■ **TASK INSTRUCTIONS**: Go to the line holding "Flow e SharePoint em execução em um laptop" in the data below and repeat it exactly, then each line after it up to and including the one holding "Teddybär Teddy Bär". Omit pictures.

--- DATA EXTRACTS ---

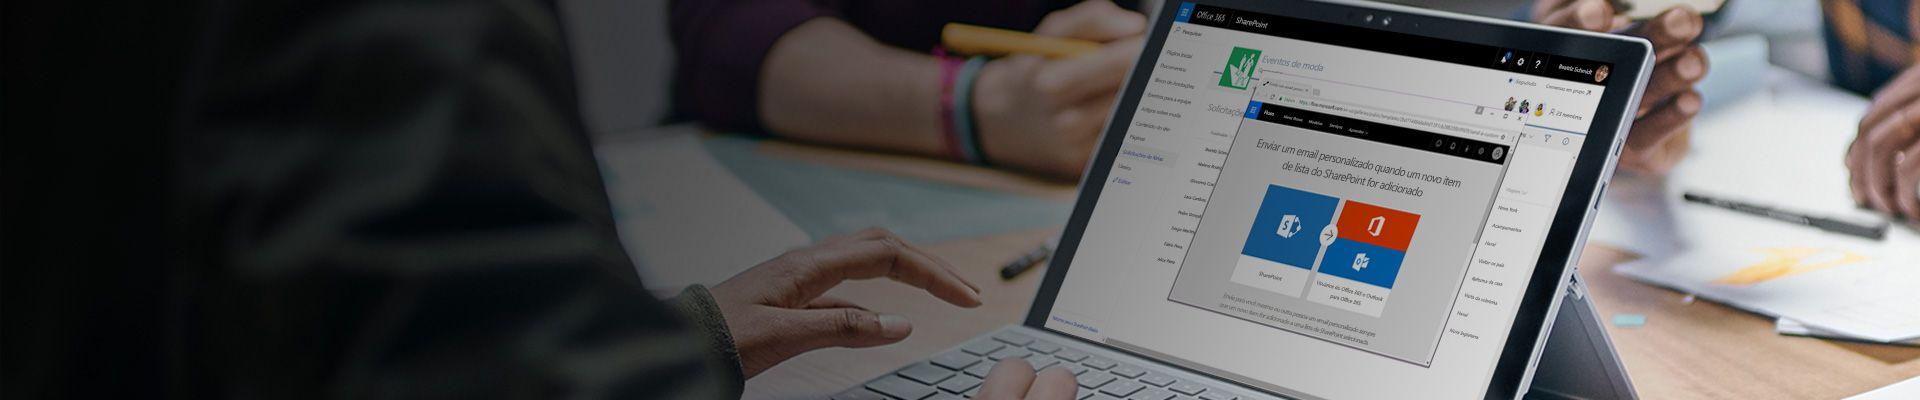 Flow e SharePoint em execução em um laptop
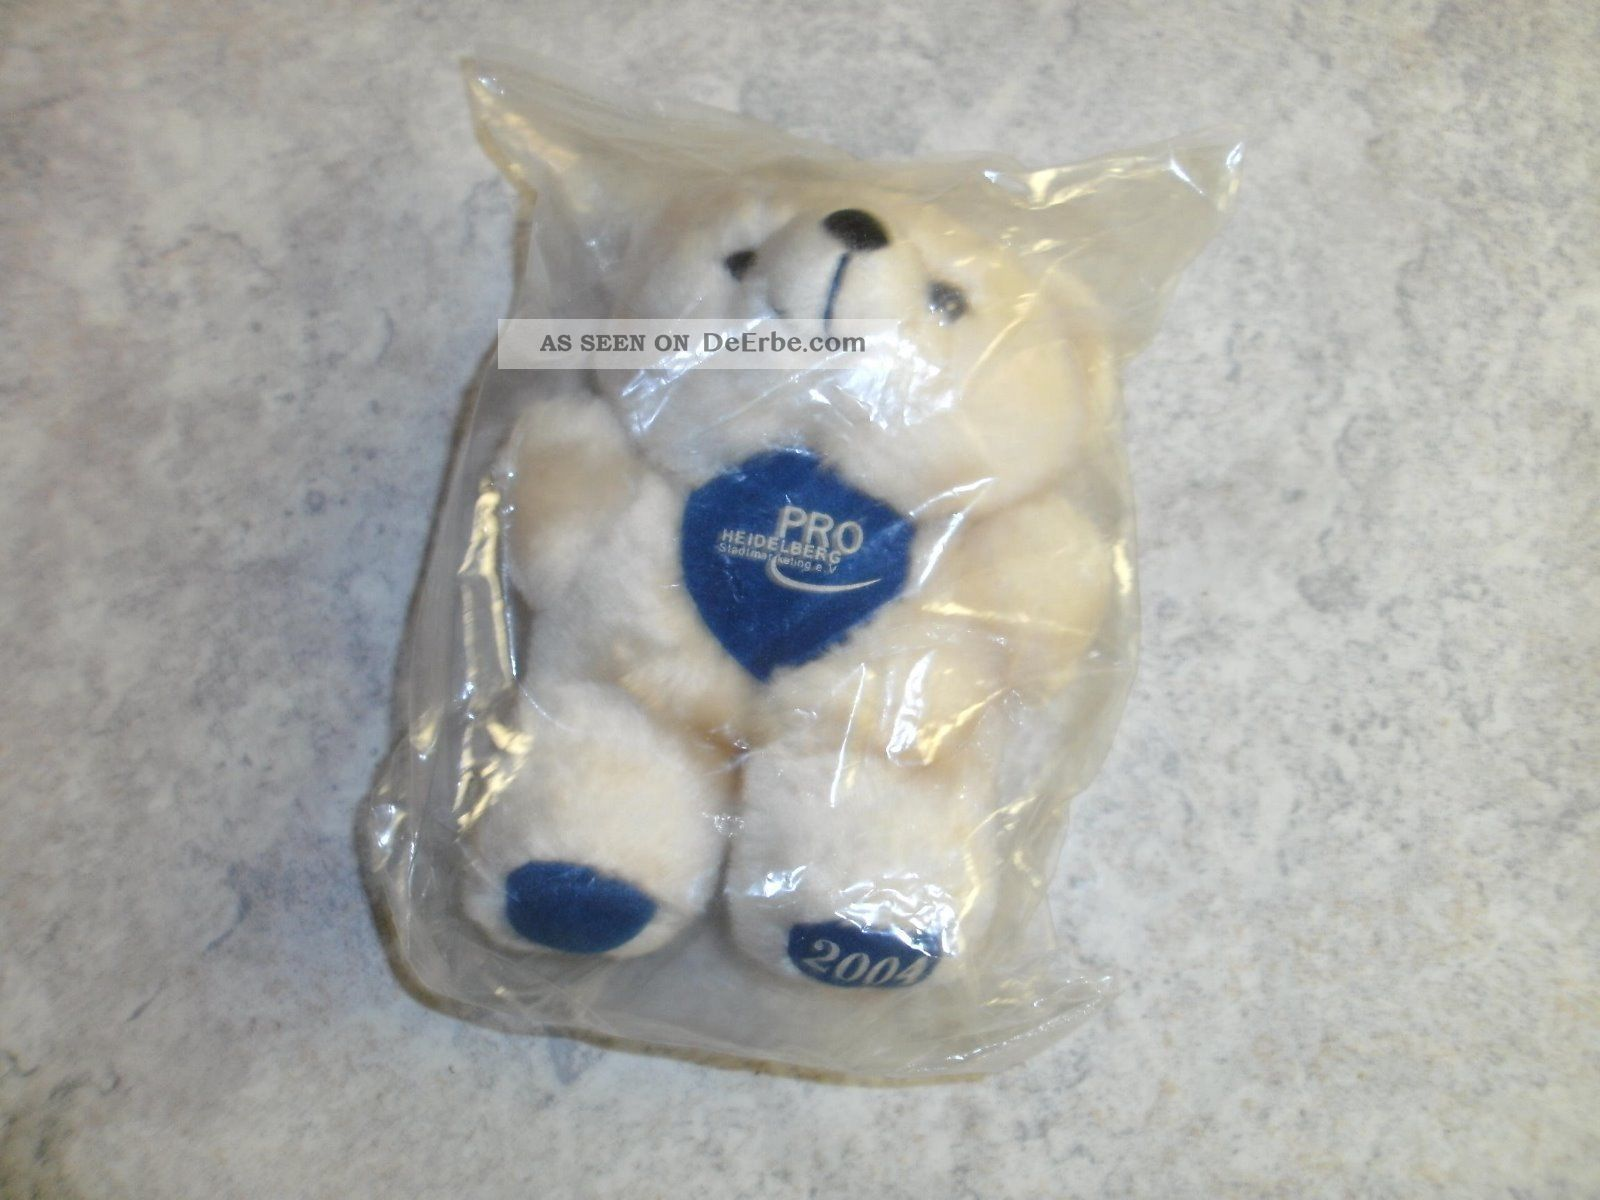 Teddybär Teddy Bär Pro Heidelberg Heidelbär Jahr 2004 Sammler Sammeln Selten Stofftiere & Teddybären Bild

---
--- DATA EXTRACTS ---

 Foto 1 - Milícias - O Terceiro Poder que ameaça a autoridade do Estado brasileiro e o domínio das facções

---

■ **OUTPUT FOR THIS EXERCISE**:
 Flow e SharePoint em execução em um laptop
 Teddybär Teddy Bär Pro Heidelberg Heidelbär Jahr 2004 Sammler Sammeln Selten Stofftiere & Teddybären Bild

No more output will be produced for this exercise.